In some ways, it's almost hilarious. Powell is described as follows, in a paragraph I'd have thought better suited to a profile of an actor in an issue of Esquire:

Powell has a congenital allergy to proper zones. He doesn’t fit in them very well. He has taught at the University of Florida for 25 years but claims to be disinclined to talk too much about what he calls “literary hogwash.” He would prefer to go fishing or shooting or boating. He knows what makes a quality knife a quality knife and has strong opinions about college football. He has great affection for dogs and snakes and alligators and has kept the first two as pets. Gators, he claims, are just what you’d get if you could mate a dog and a snake — not really dangerous, though you do have to watch out for the tail.


Really? This was written by a (I'll go ahead and assume) handsomely-paid Times correspondent (Dan Halpern, who we are informed "last wrote for the magazine about bull riding"), and not by Padgett Powell's agent? Okay, fine. And yet. And yet. This man who disdains "literary hogwash" writes paragraphs like this one:

Yesterday a few things happened. Every day a few do. My dog beat up another dog. He does this when he can. It’s his living, more or less, though I’ve never let him make money doing it. He could. Beating up other dogs is his thing. He means no harm by it, expects other dogs to beat him up — no anxiety about it. If anything makes him nervous, it’s that he won’t get a chance to beat up or be beaten up. He’s healthy. I don’t think I am.
What kind of shit is that? That paragraph is utterly without rhythm, or if there's one there it's one I can't hear when I read the sentences aloud. But I must be wrong, for in setting up this example of modern prose magnificence, Halpern says "What Powell does with language and sound, with timing, rhythm and cadence, is a thing of strange precision." Strange, yes. Precise, not exactly. And it's the cadence of a man attempting to play the piano with his elbows, not because he's lost the use of his fingers, but because he hopes people are watching. This is showy crudeness, and literary critics — and New York Times Magazine correspondents, apparently — eat it with a spoon. But people who open books expecting to be told a story tend to shake their heads and walk away.

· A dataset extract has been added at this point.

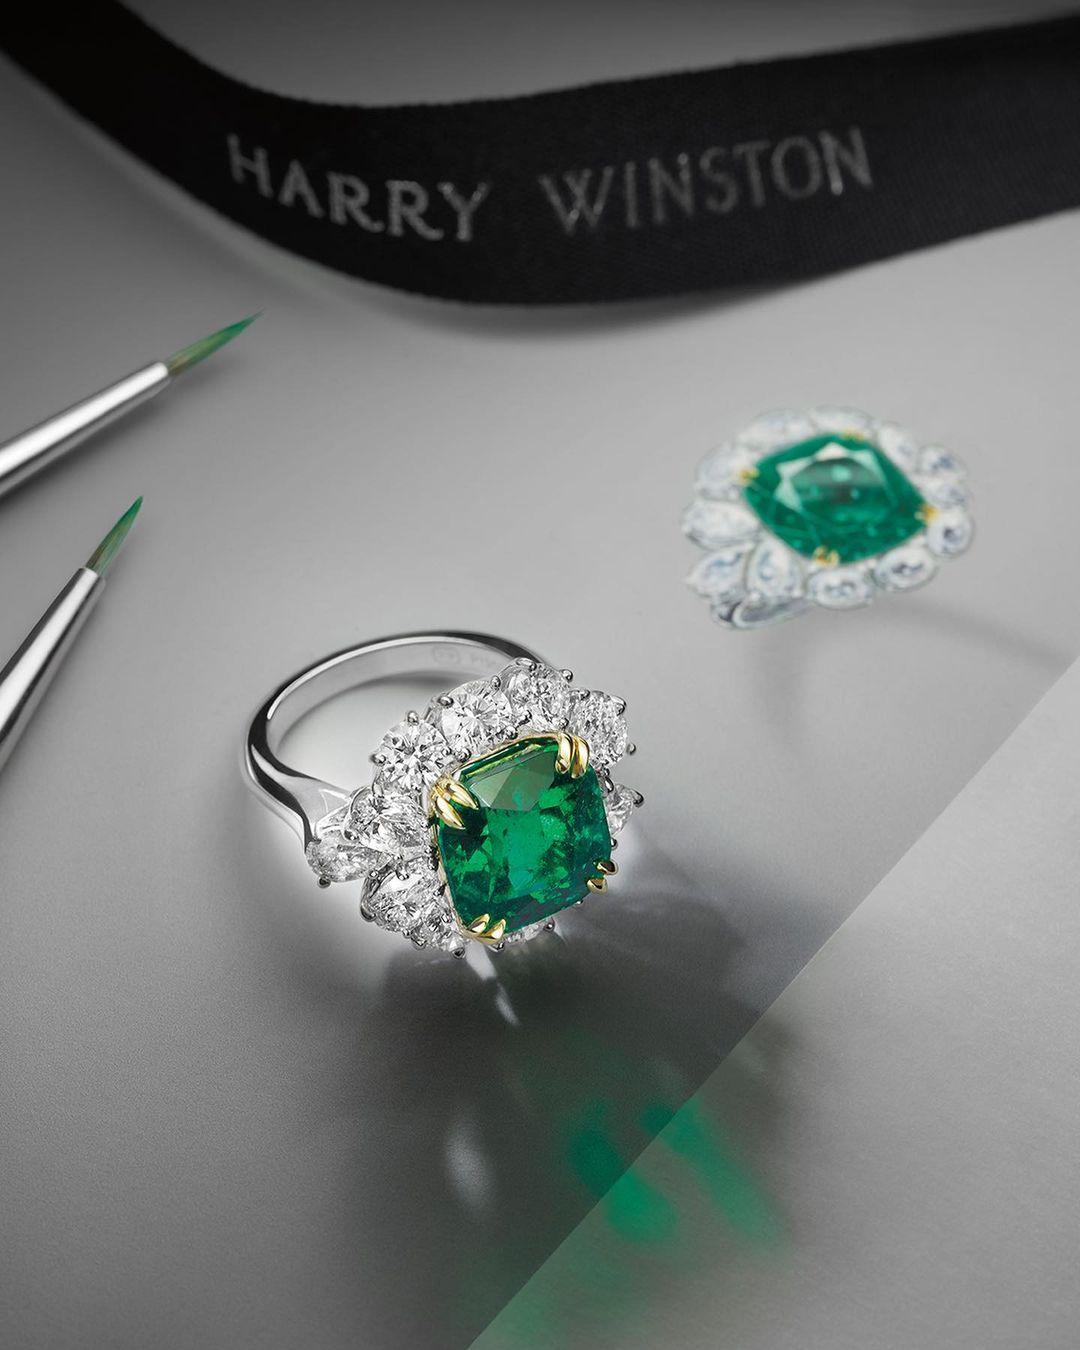 Joyería Harry Winston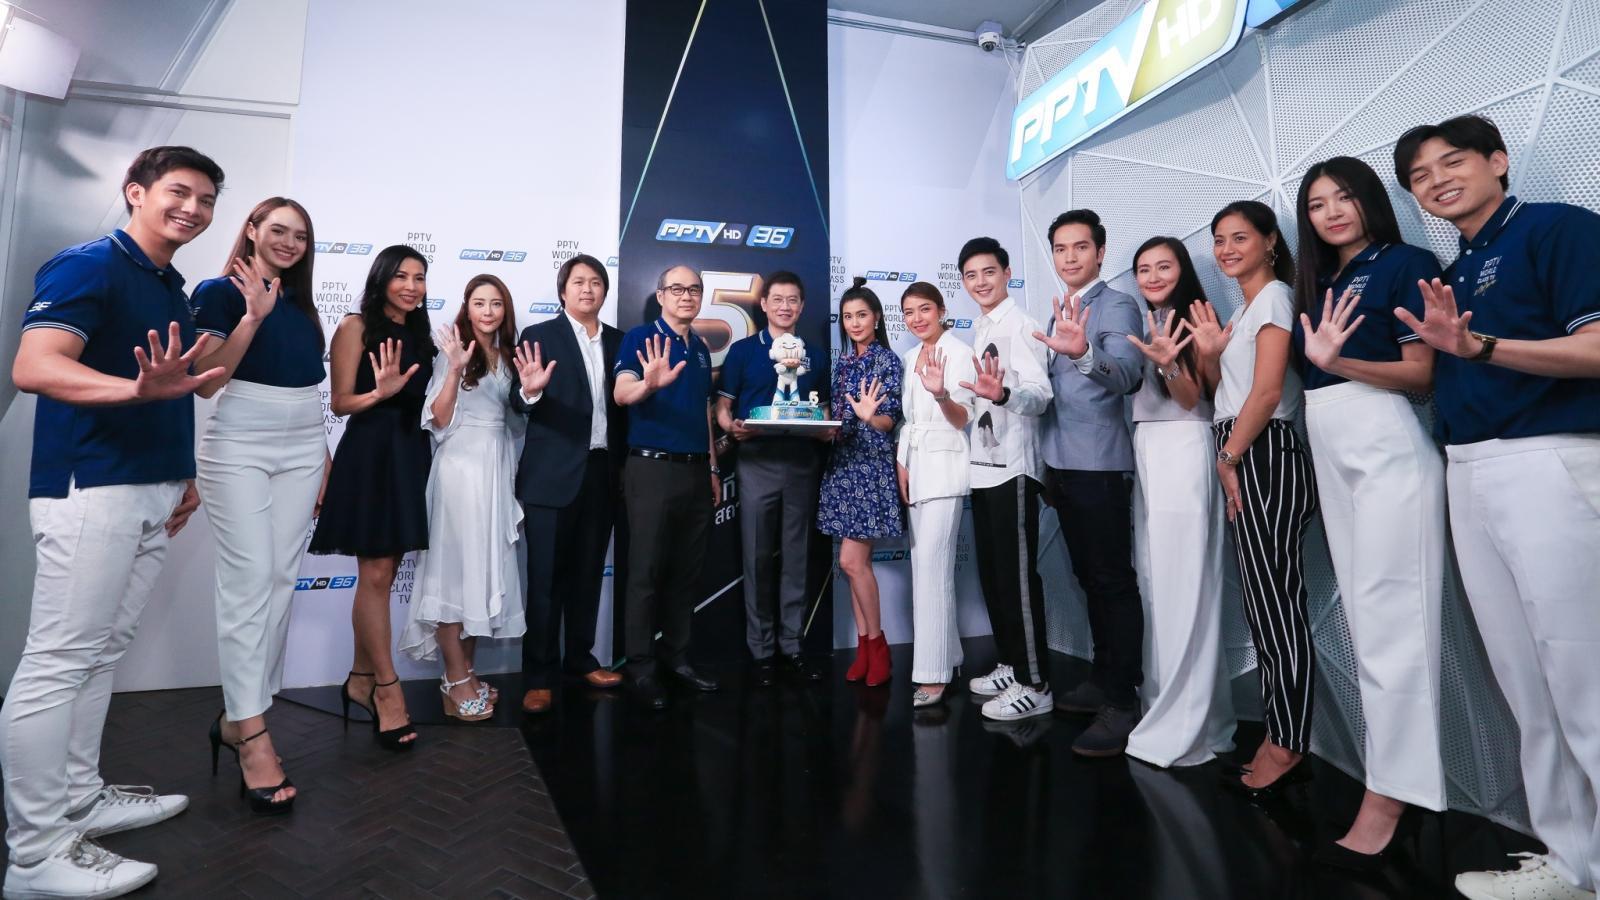 ครบรอบวันเกิด PPTV HD 36 ก้าวเข้าสู่ปีที่ 5

They are almost certain to do so when/if they learn that Powell's new book, The Interrogative Mood, lives up to its title by consisting entirely of questions.

Admittedly, this guy's not some literary darling, at least not anymore; Halpern describes his downward slide, reputation- and sales-wise, and writes:

With critics — and readers — deserting him in greater and greater numbers, Powell found himself practically unpublishable. Powell’s last book came out in 2000, and the two collections of stories he wrote over this last decade failed to find houses willing to print them. He began to claim he was retired.


He then begins to describe The Interrogative Mood, and Powell's upbringing (literary and otherwise). But he doesn't answer the one question I would like answered, which is, How did this new book get sold? It sounds, if anything, even more infuriating and anti-reader than the stuff he's already published, and the bits of that stuff included in the article are awful. It seems to me that for nine years, the publishing industry had the right idea — leave this fool in the Florida swamp where he can't waste anyone's time but his students'.

Oh, well. I guess it's back to genre fiction for me...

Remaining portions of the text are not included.